Epeydir bekliyorduk Ahmet Ayık kitabını. Kitap daha basılmadan okuma olanağını bulmuştum. Hamit Turhan imzasıyla çıkan kitapta aslında yüzlerce dostunun yazısı yer alıyor. Bunlar arasında tanınmış devlet adamları, bürokratlar, gazeteciler de var. Bir iki sayfalık bir yazıyla ben de güreş yaptığım yıllarda tanıdığım Ahmet Ayık’ı anlatmaya çalıştım.
Güreşi çok erken bıraktım, doya doya güreşemedim o büyük şampiyonlarla, şimdi kitaplarımla, yazılarımla doya doya yazmaya çalışıyorum. Mayomla değil de, bir gün aralarına böyle kalemimle dönmek de varmış.
İki romanımda anlattığım Türk güreşinin sporumuzu altına boğan iki dönemi, iki altın nesli var. Birinci kuşak, yani Yaşar Doğu’lar, Celal Atik’ler çok zor koşullarda güreş yaptılar. Ama Atatürk sayesinde iyi bir hocaları oldu, Finlandiya’dan getirilen Onni Pellinen’in modern Türk güreşindeki emeği unutulmaz. Bu ilk kuşak mescit altlarında, sinema, tiyatro salonlarında, sergievinde, okulların müsamere salonlarında antrenman yaptılar, güreş tuttular. İkinci kuşak için de devletin sunduğu olanaklar çok fazla değildi; Ahmet Ayık, Tevfik Kış, Hüseyin Akbaş, Mahmut Atalay, Hasan Güngör, İsmet Atlı, Rıza Doğan, İbrahim Karabacak gibi şampiyonlar Ankara’da, güreş sever bir iş insanının Yaşar Doğu’nun hatırı için yaptığı Gölbaşı Sineması’nın altında küçük bir salonda çalışıyorlardı. Eskilere göre biraz daha iyiydi durum. Lise öğrencisiyken işte bu salonda, adını andığım şampiyonlar arasında ben de ter dökmeye başladım.

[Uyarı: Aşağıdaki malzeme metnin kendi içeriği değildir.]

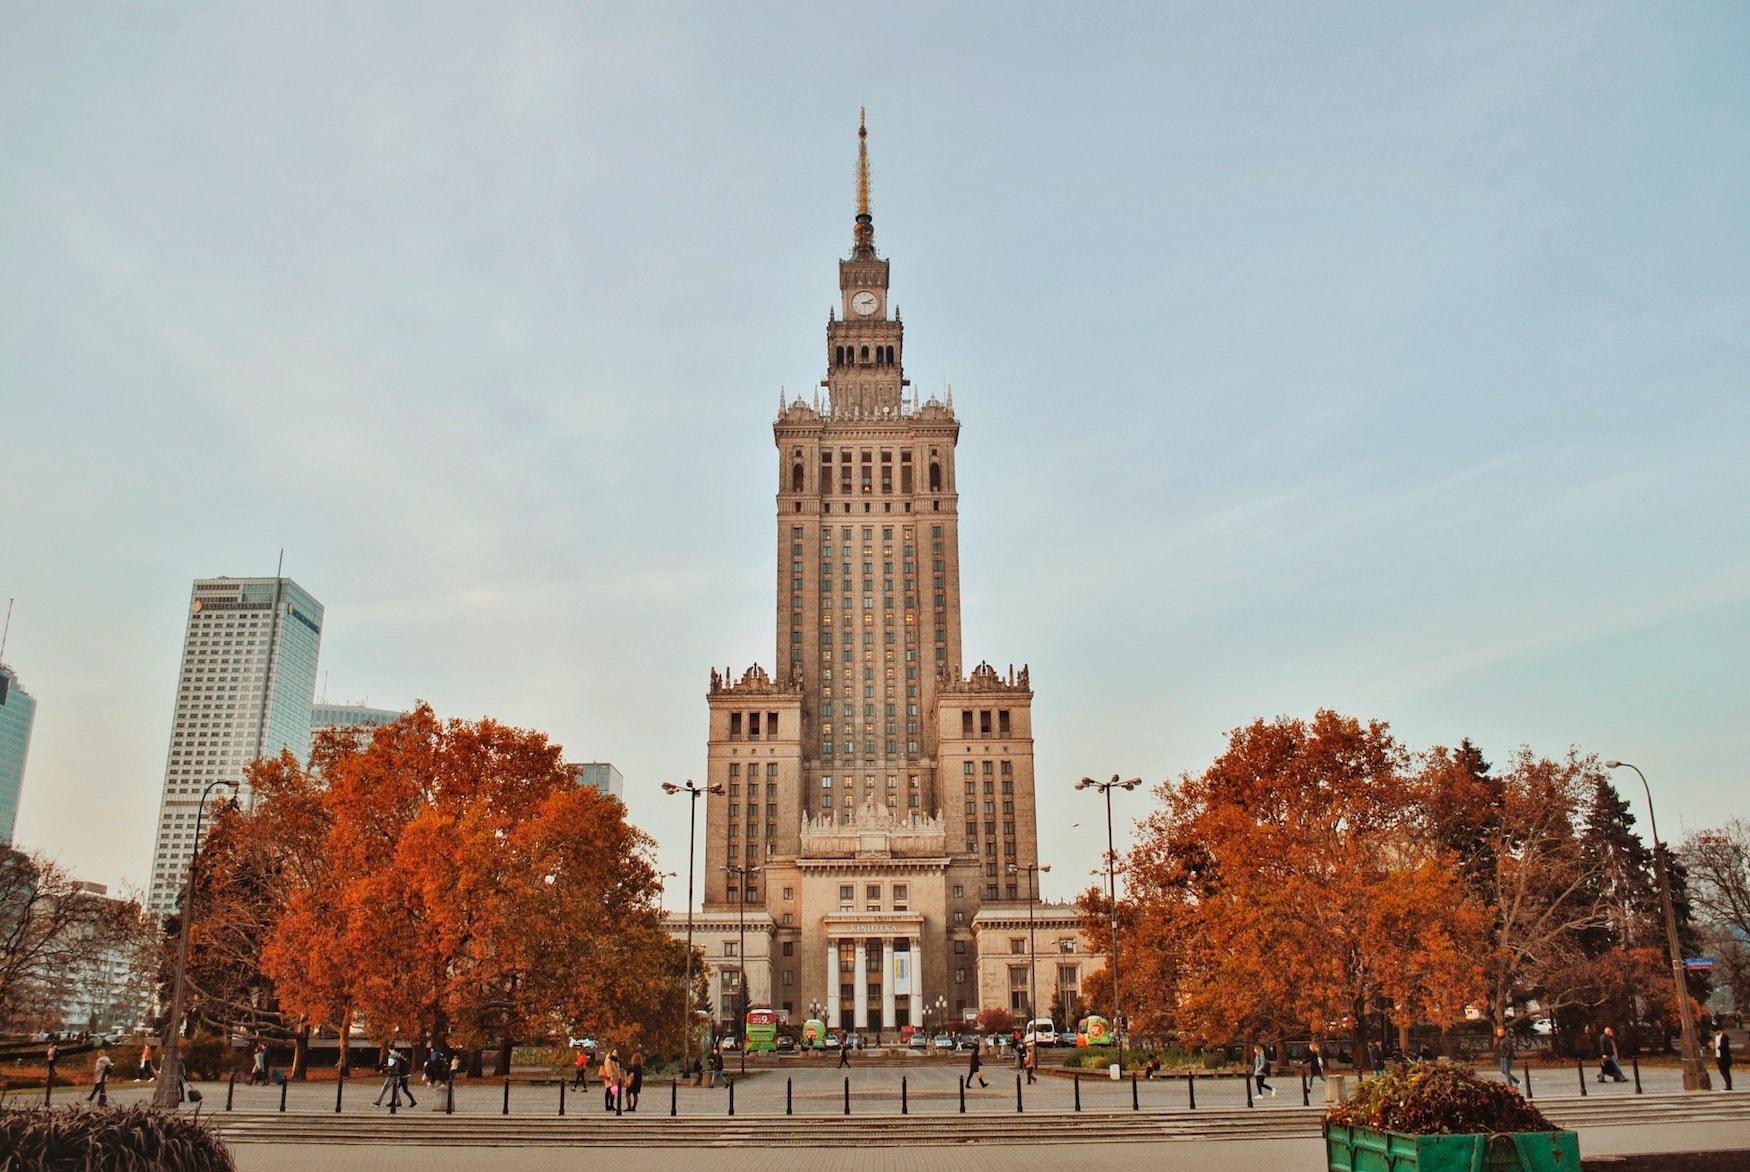 Palast der Kultur und Wissenschaft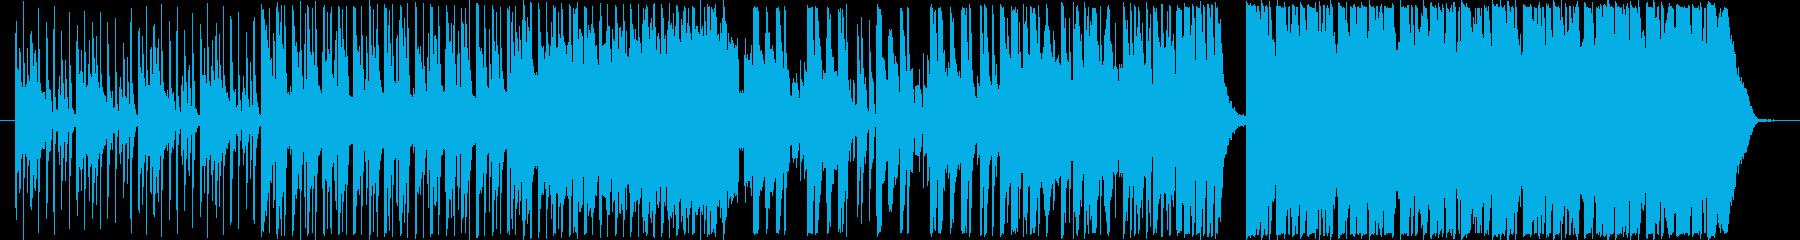 エキゾチックな最新K-POPの再生済みの波形

“Maltepe’deki salon” diye anılır o salon… Yeşilırmak Sokağı ile Mustafa Kemal Bulvarı’nın birleştiği yerde, Gölbaşı Sineması’nın altındaydı. Şimdi yıkıldı o bina, yenisi yapıldı. Sağ taraftan, dışarıdan arka taraftaki kapıya doğru uzun merdivenlerle iniliyordu. Bu merdivenleri inip çıkarken duyduğum heyecanı hâlâ unutamam. Antrenmanım varsa ayrı bir heyecan, maçım varsa ayrı bir heyecan, tartı için geliyorsam başka bir heyecan duyardım. Maçım yoksa, seyirciysem tribünde oturmanın keyfini yaşardım. Bazen bitmek bilmezdi o merdivenler, uzardı sanki. O merdivenler, o basamaklar unutulur mu? Önünüzde yürüyüp giden grubun içinde Hamit Kaplan, Hüseyin Akbaş, Mustafa Dağıstanlı, Mithat Bayrak var. Arkanızdan gelenler arasında Ahmet Ayık, Tevfik Kış, Mahmut Atalay... Soyunma odasında İbrahim Karabacak, İsmet Atlı, Bekir Büke, Bayram Şit erken gelmişler… Sonra biz ısınmaya başlarken uzun kollarını sallayarak çabuk adımlarla hocamız Celal Atik girerdi salona. Yakışıklı hocam kim bilir hangi işinden, hangi evinden gelirdi. O merdivenler, o soyunma odaları, o kare biçiminde, söküklerini Yaşar Doğu’nun diktiği çizgisiz branda minder, o salon unutulur mu? Havuzdan çıkmak istemeyen su delisi çocuklar gibi, minderden ayrılamazdık.
Celal Hoca’mızın ilgi gösterdiği güreşçilerdendi Ahmet Ayık; eline alıp hamur gibi yoğurduklarındandı… Bir köprü çalıştırmasını anımsıyorum şimdi. Ahmet Ayık köprü kurmuş, hocamız üstten kavramış yükleniyor. Alttaki direniyor, köprüyü dikmeye çalışıyor, Celal Atik bastırıyor. Sonunda Ahmet Ayık zar zor döndü ama alnı kanlar içinde. Hocamız kanı görünce, “bırakalım” dedi. “Hayır, çalışalım hocam” dedi Ahmet Ayık. Böyle bir durumda hoca yalnız öğrencisini değil, kanlar içinde kalacak minderi de düşünür. “Hadi, duşa!” dedi.